If one of your New Year’s resolutions is to eat healthier but you are worried you can’t do it because you’re on a budget, think again! Read on for ways to keep your waistline, and wallet, in check.

Bargain Shop. Save money on food items by reading the sales flyers. If you don’t get the weekly newspaper try locating flyers at the store’s entrance, website or app. Clip coupons for items you could use, being cautious not to buy something just because it is on sale. If a sale item is out of stock, alert customer service and get a rain check so you can purchase the item at the sale price once it’s restocked. Most stores offer a free loyalty program for special offers and discounts, be sure to sign up if you can.

Plan Ahead. Take time to plan your meals for the week and make a list of what you will need. Consider meal planning around what is on sale to maximize savings. Before you go to the store, check to see if you already have any of the ingredients. Also, remember to eat before heading to the grocery store! If you go when you’re hungry, you’re more likely to grab unhealthy food items, adding unnecessary expenses to your bill. Stick to your list and resist the impulse buys.

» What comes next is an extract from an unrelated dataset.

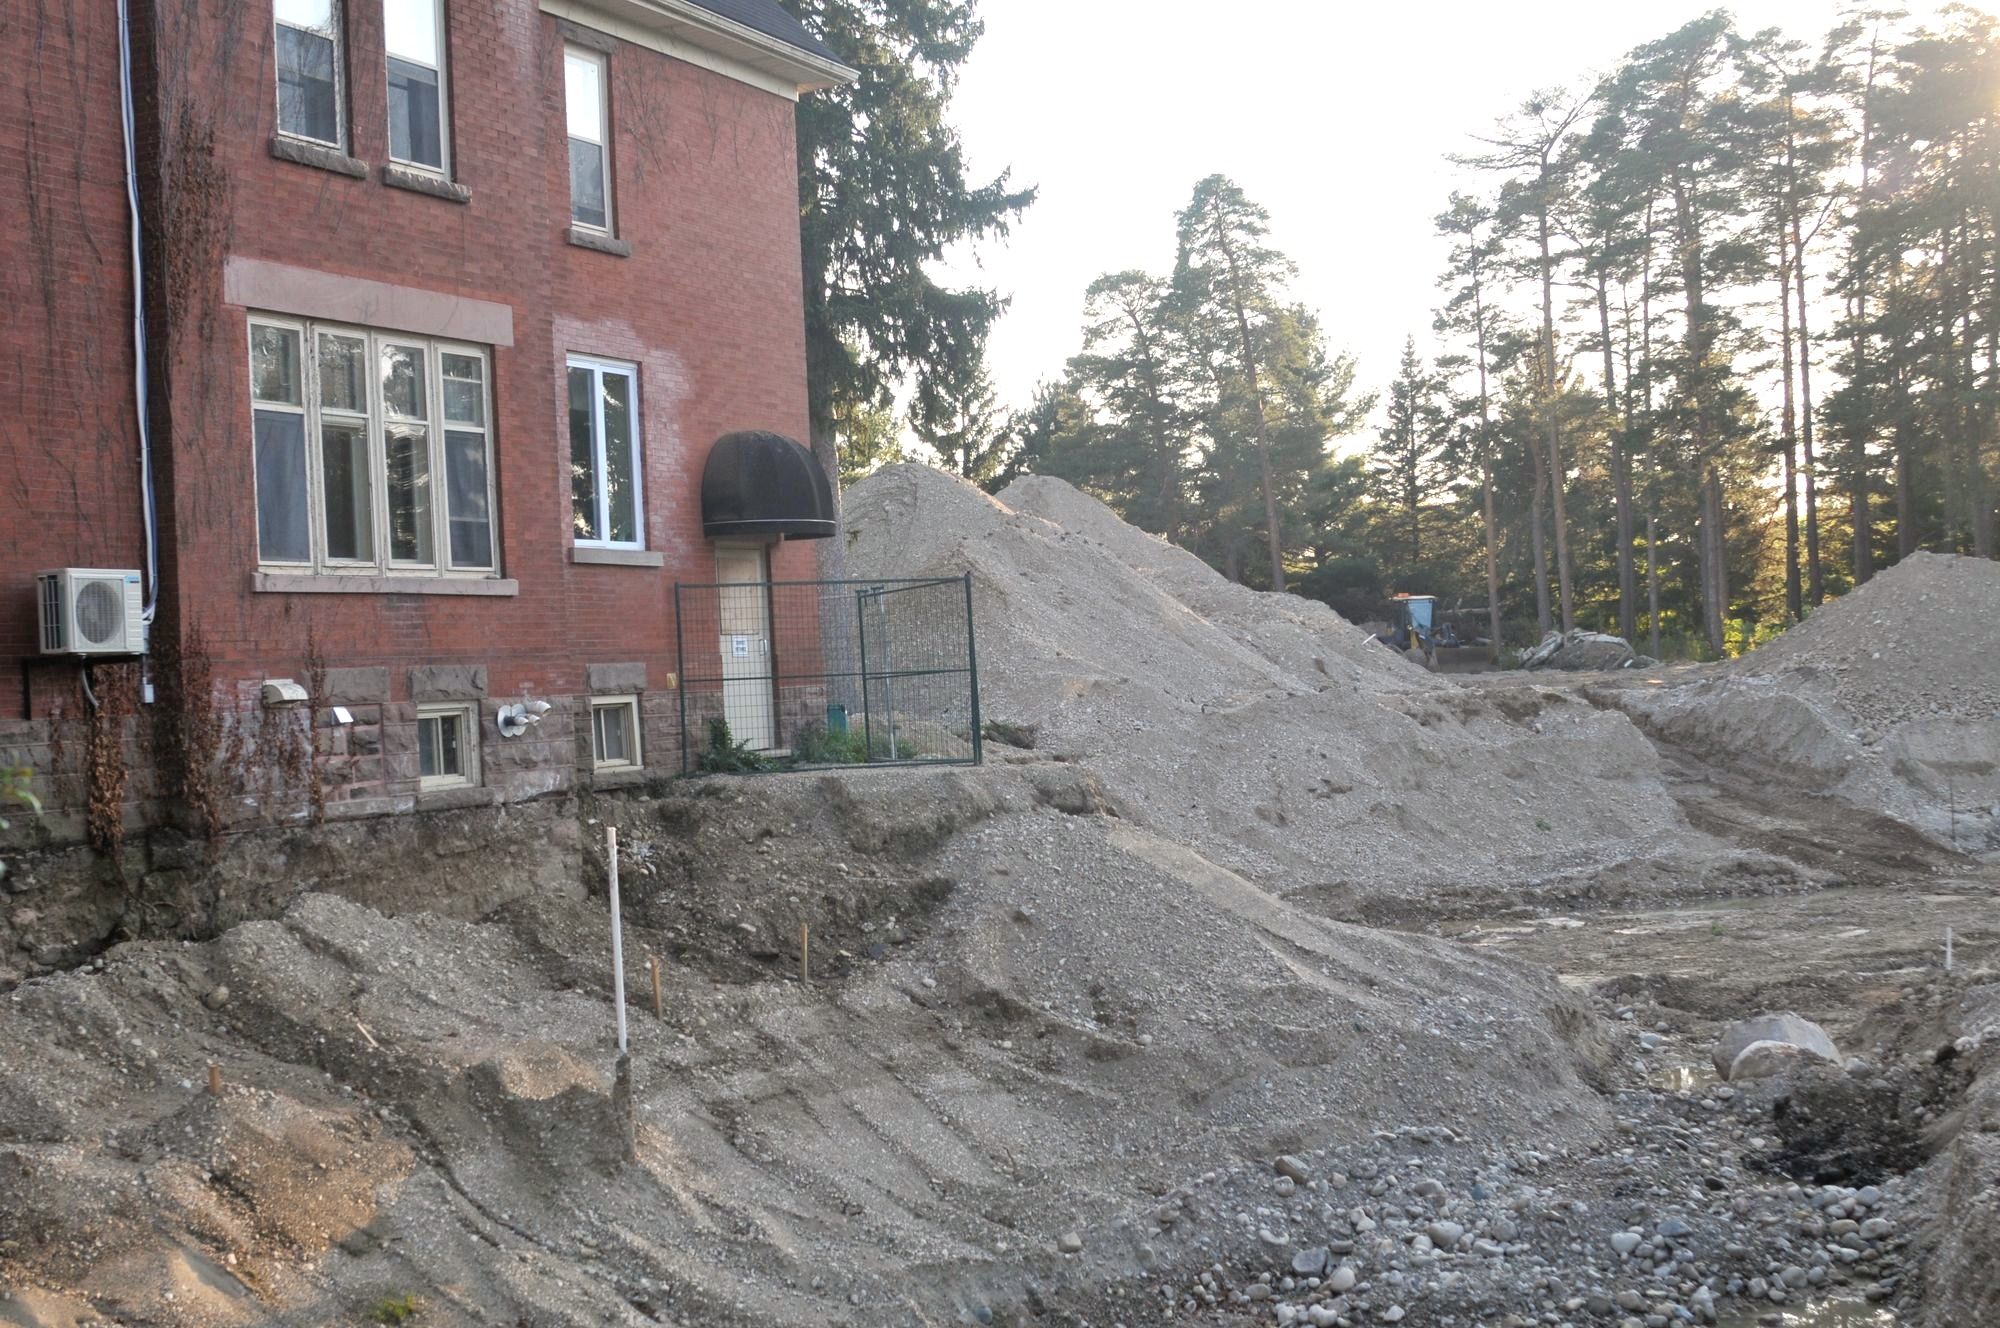 Still home to refugees, Jakobstettel site also scene of soil remediation

Stock Up On Basics. Keeping staple items like flour, canned or dry beans, legumes, rice and pasta on hand will give you a jump on creating nutritious meals while saving you valuable time. When you find these items at a good price buy them in bulk to save money. Don’t forget you can use your freezer for more than meat and your ice cream stash. Frozen fruits and vegetables are a great, healthy option to keep on hand and can reduce the amount of fresh produce you may throw away when it goes bad quickly.

Try Going Meatless Once Or Twice A Week. Try going meatless one or two days each week for added savings by using inexpensive, protein-packed staples such as eggs, beans, lentils or quinoa in your meals.

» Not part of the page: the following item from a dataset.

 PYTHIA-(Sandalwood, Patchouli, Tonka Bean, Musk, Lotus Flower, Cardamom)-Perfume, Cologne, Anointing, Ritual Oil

Think Twice About Ordering Meal Subscription Boxes. Meal preparation subscription boxes like Hello Fresh and Blue Apron have become increasingly popular with families desiring healthy meals that can be made quickly. Subscribers get to choose from a wide array of recipes online and enjoy the convenience of having that meal’s ingredients delivered to their door on a day of their choice.

Depending on how often you use the service, meals-by-mail may not be the most frugal option since some of the least expensive services cost about $9.95 per meal. However, there are other things to consider. Since everything to make a particular meal is in the box and pre-portioned, a meal subscription service may save extra trips to the grocery store and could cut back on food waste. It might also make you less likely to stop for a quick dinner out which can end up costing more than the subscription service itself. Another option to consider for simple, hassle-free meals may be slow cooker recipes.

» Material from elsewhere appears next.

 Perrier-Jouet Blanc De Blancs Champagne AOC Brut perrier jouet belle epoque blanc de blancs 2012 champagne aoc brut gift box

Shop Farmers Markets. Farmers markets are not just for warmer months. Many cities offer indoor options during the winter. Save money and help local growers by buying your produce from a farmers market when possible.

Some markets and retail food stores offer “less than perfect” veggies at a discount. These “ugly” veggies can be  a great money-saving option.

Healthy Foods Under $1 - Try these inexpensive food options for a bounty of healthy nutrients:

Dairy

  •  Yogurt ($1 per 6-ounce cup)
  •  Cottage Cheese ($1 per 1/2 cup, $5.50 per 16-ounce container)
  •  Milk ($0.25 per cup, $4 per gallon)

Whole Grains

  •  Popcorn ($0.30 per 1/2 cup, $1 per pound for kernels)
  •  Quinoa ($0.60 per 1/4 cup, $5 per 12-ounce box)

Fruits

  •  Bananas ($0.50 per banana, $2 per bunch)
  •  Kiwi ($0.40 per kiwi)

Veggies

  •  Kale ($0.50 per cup (raw, chopped), $2 per bunch)
  •  Carrots ($0.50 each, $2 per pound)
  •  Onions ($0.18 each, $0.59 per pound)
  •  Garlic ($0.30 per bulb)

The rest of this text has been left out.